• _Exercise aim_: The task requires repeating, word for word, the lines from the one with "French Vintage Navy" through the end of the material, leaving out all pictures.

• _Data provided_:
⁂
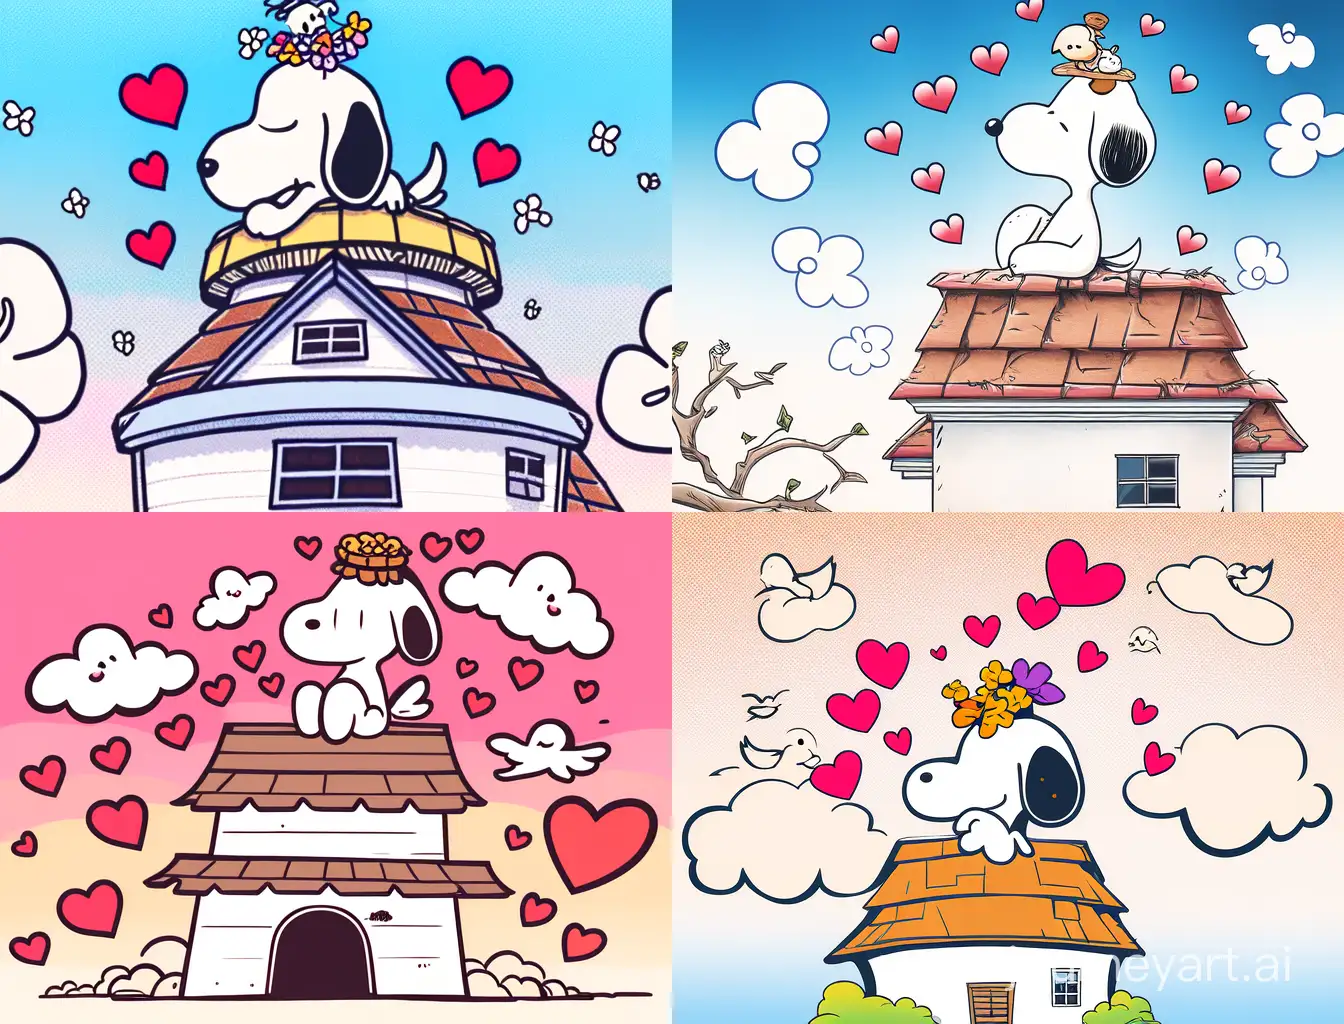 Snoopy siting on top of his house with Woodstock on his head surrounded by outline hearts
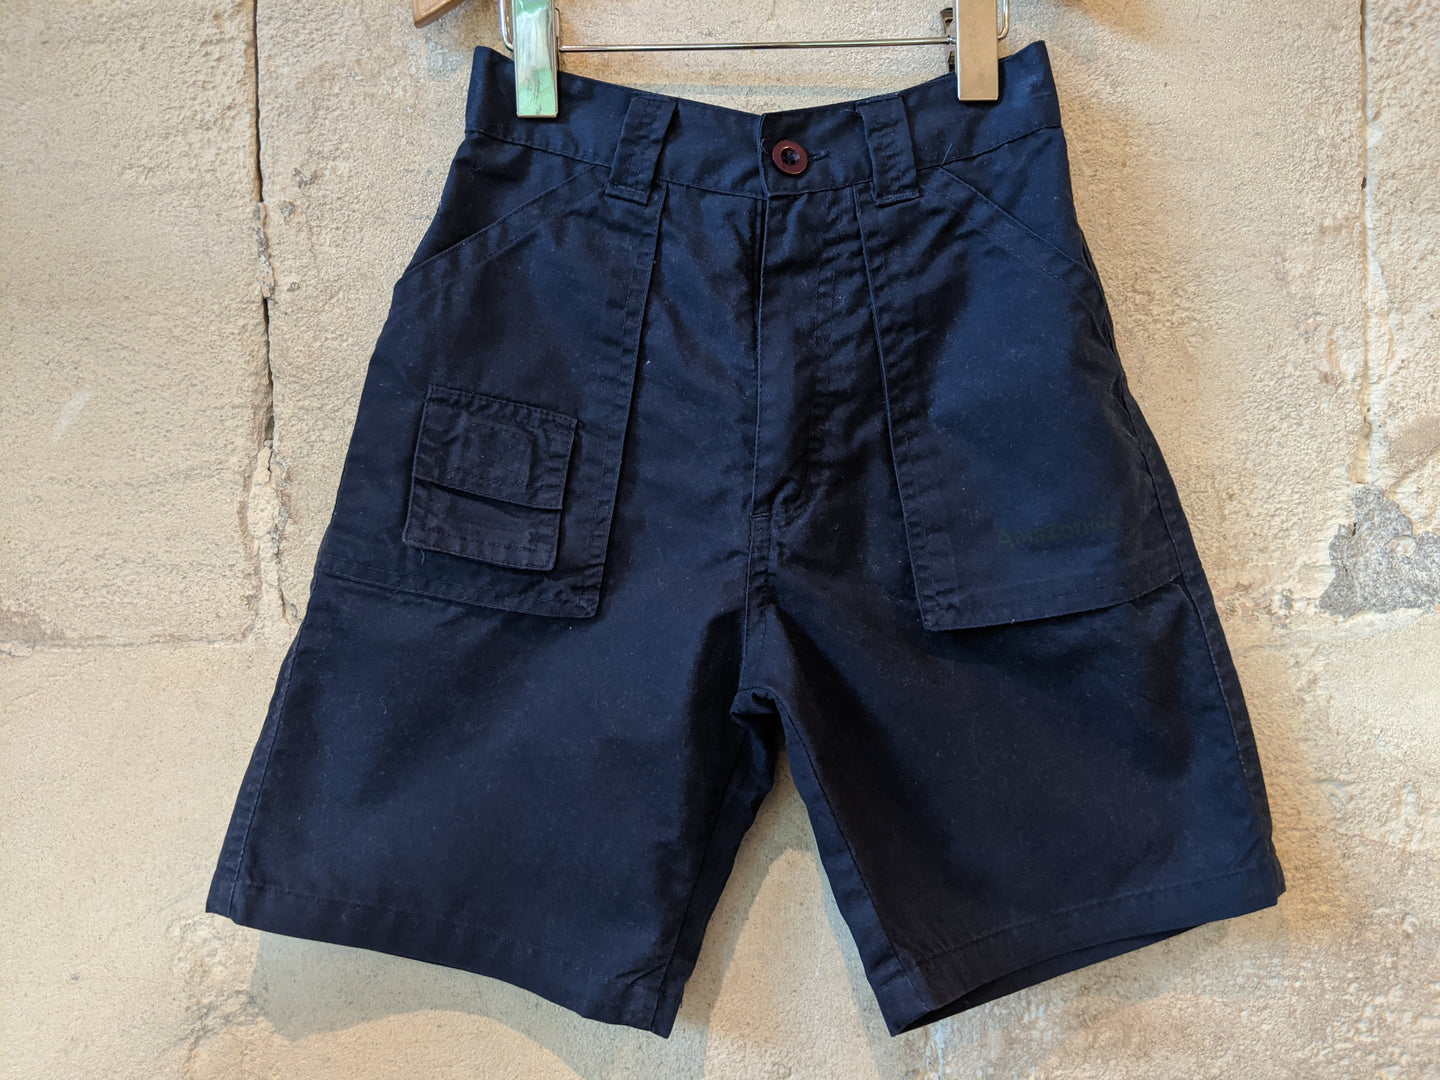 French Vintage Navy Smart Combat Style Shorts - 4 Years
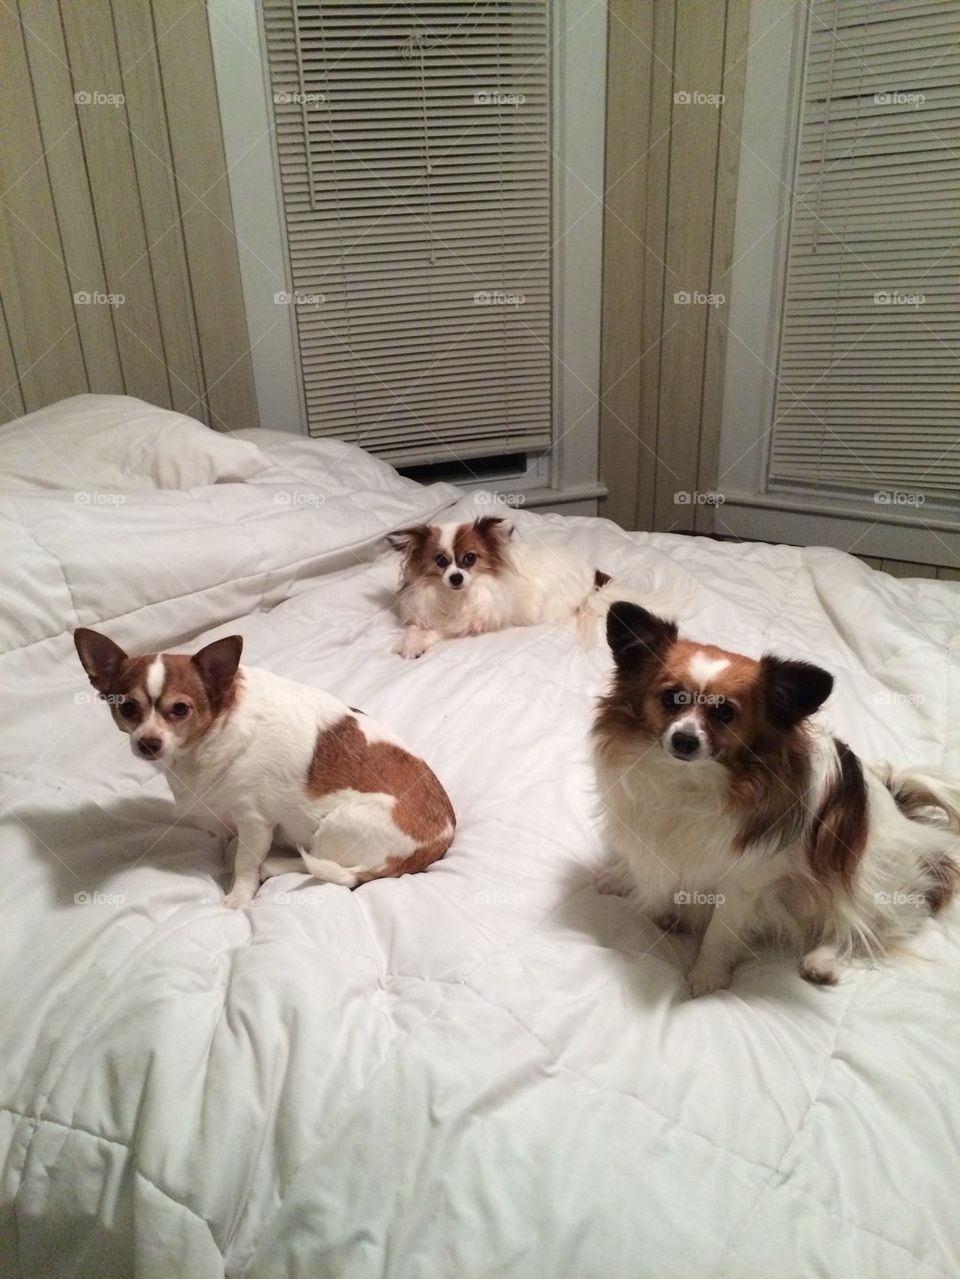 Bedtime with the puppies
⁂
• _Answer area_:
 French Vintage Navy Smart Combat Style Shorts - 4 Years
 Bedtime with the puppies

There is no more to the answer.